2017–06–28 12:34:20,038 [c245caf56bff91fa/c245caf56bff91fa] [http-nio-8080-exec-2] INFO zipkintrace.servicea.web.AController — Received /a request: A:HTTP -> B:gRPC -> C:HTTP
2017–06–28 12:34:20,038 [c245caf56bff91fa/c245caf56bff91fa] [http-nio-8080-exec-2] INFO zipkintrace.servicea.ServiceA — Calling ‘shortRunning’ on service B
2017–06–28 12:34:20,038 [c245caf56bff91fa/c245caf56bff91fa] [http-nio-8080-exec-2] INFO z.servicea.services.ServiceB — Calling ‘shortRunning’ on Service B via gRPC
2017–06–28 12:34:20,536 [c245caf56bff91fa/c245caf56bff91fa] [http-nio-8080-exec-2] INFO z.servicea.services.ServiceB — Result of ‘shortRunning’ on Service B: 100
2017–06–28 12:34:20,536 [c245caf56bff91fa/c245caf56bff91fa] [http-nio-8080-exec-2] INFO zipkintrace.servicea.ServiceA — Calling ‘longRunning’ on service B
2017–06–28 12:34:20,536 [c245caf56bff91fa/c245caf56bff91fa] [http-nio-8080-exec-2] INFO z.servicea.services.ServiceB — Calling ‘longRunning’ on Service B via gRPC
2017–06–28 12:34:21,090 [c245caf56bff91fa/c245caf56bff91fa] [http-nio-8080-exec-2] INFO z.servicea.services.ServiceB — Result of ‘longRunning’ on Service B: 300

From the logging we see that our traceId for this call is: c245caf56bff91fa.

Service a now calls service b twice via gRPC which can be seen in the following logging:

2017–06–28 12:34:20,041 [c245caf56bff91fa/f238828a188aec3d] [pool-3-thread-5] INFO z.s.grpc.serviceb.GrpcServiceBImpl — Service B called with ‘shortRunning’ via gRPC
2017–06–28 12:34:20,041 [c245caf56bff91fa/f238828a188aec3d] [pool-3-thread-5] INFO zipkintrace.serviceb.ServiceB — Calling ‘/c’ on service C via HTTP in ‘shortRunning’
2017–06–28 12:34:20,414 [c245caf56bff91fa/f238828a188aec3d] [pool-3-thread-5] INFO z.serviceb.services.ServiceC — Got HTTP response from service C: test call C
2017–06–28 12:34:20,538 [c245caf56bff91fa/8b076a2d1279d9aa] [pool-3-thread-8] INFO z.s.grpc.serviceb.GrpcServiceBImpl — Service B called with ‘longRunning’ via gRPC
2017–06–28 12:34:20,538 [c245caf56bff91fa/8b076a2d1279d9aa] [pool-3-thread-8] INFO zipkintrace.serviceb.ServiceB — Calling ‘/c’ on service C via HTTP in ‘shortRunning’
2017–06–28 12:34:20,786 [c245caf56bff91fa/8b076a2d1279d9aa] [pool-3-thread-8] INFO z.serviceb.services.ServiceC — Got HTTP response from service C: test call C

Note that the traceId is the same in service a logging, but the spanId is indeed different for each call.
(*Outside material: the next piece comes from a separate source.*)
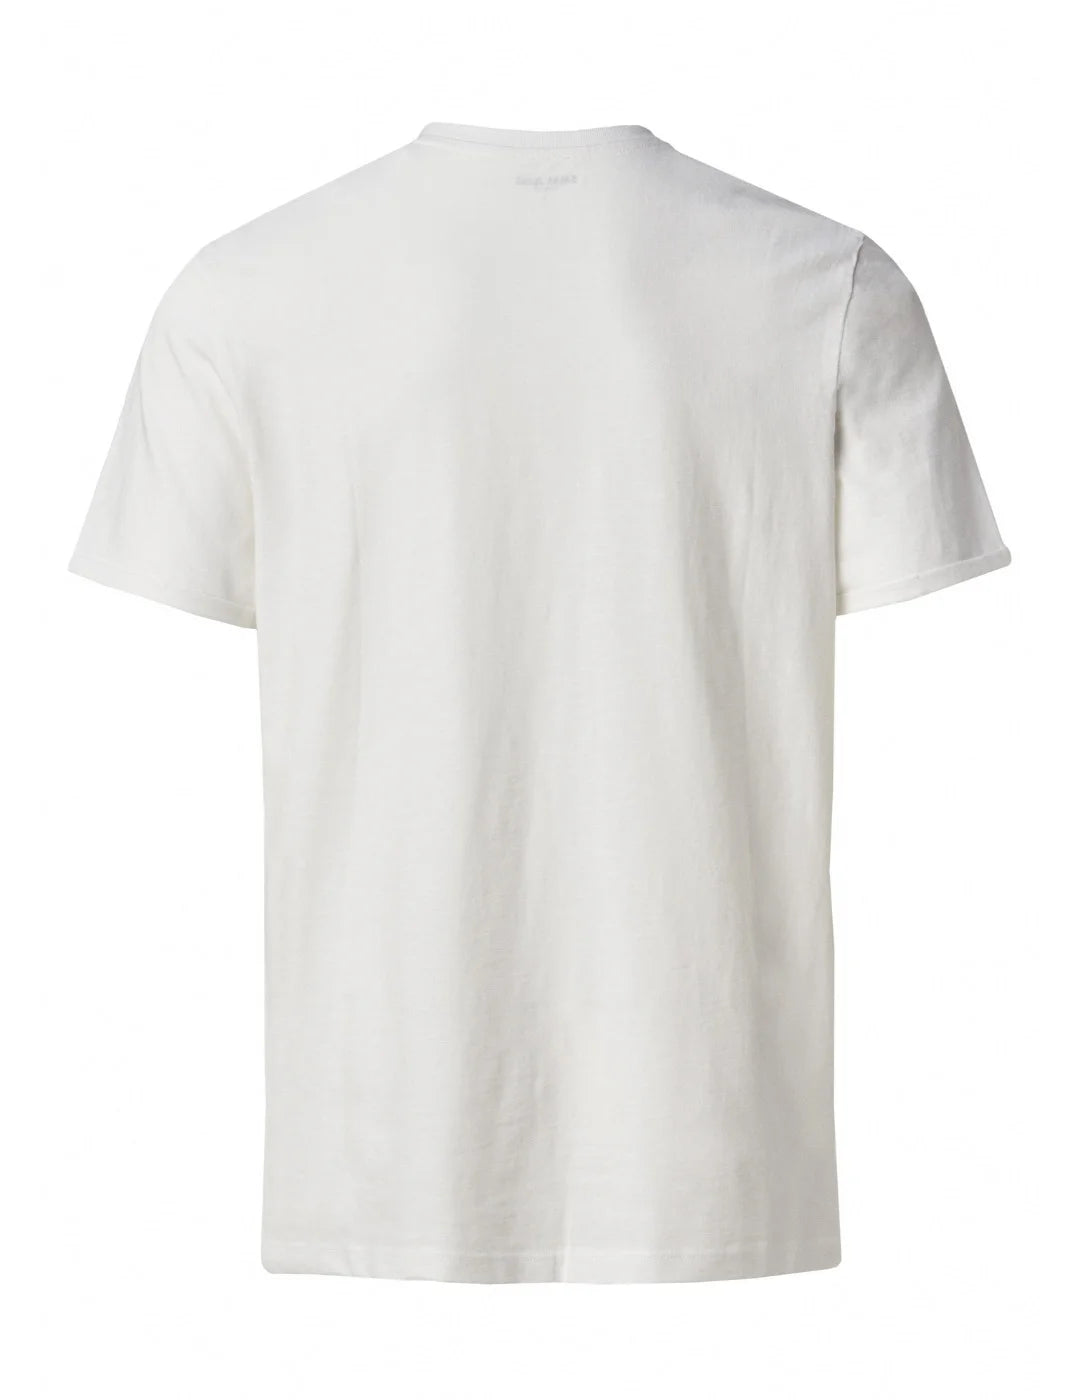 Camiseta Manga Corta Blanca Salsa | Bicos de Fío

Service b now calls service c via HTTP. The logging of service c shows:

2017–06–28 12:34:20,112 [c245caf56bff91fa/06f7caee20fcca87] [http-nio-8100-exec-1] INFO zipkintrace.servicec.web.CController — Received /c request via HTTP
2017–06–28 12:34:20,112 [c245caf56bff91fa/06f7caee20fcca87] [http-nio-8100-exec-1] INFO zipkintrace.servicec.ServiceC — Running ‘process’ on service C
2017–06–28 12:34:20,542 [c245caf56bff91fa/74de642754d2d3b3] [http-nio-8100-exec-2] INFO zipkintrace.servicec.web.CController — Received /c request via HTTP
2017–06–28 12:34:20,542 [c245caf56bff91fa/74de642754d2d3b3] [http-nio-8100-exec-2] INFO zipkintrace.servicec.ServiceC — Running ‘process’ on service C

Again, the traceId is nicely propagated to service c as well. This traceId was used in the screenshots at the beginning of the article.

Our JAVA microservices are using the configuration described above to log everything in JSON format (using the net.logstash.logback.encoder.LogstashEncoder), which automatically includes all MDC values as key - value pairs. With this, if we find interesting traces in Zipkin, we can now take the traceId and search for it in Kibana. When we have retrieved the log lines associated with the traceId, we can figure out exactly what is happening in the system.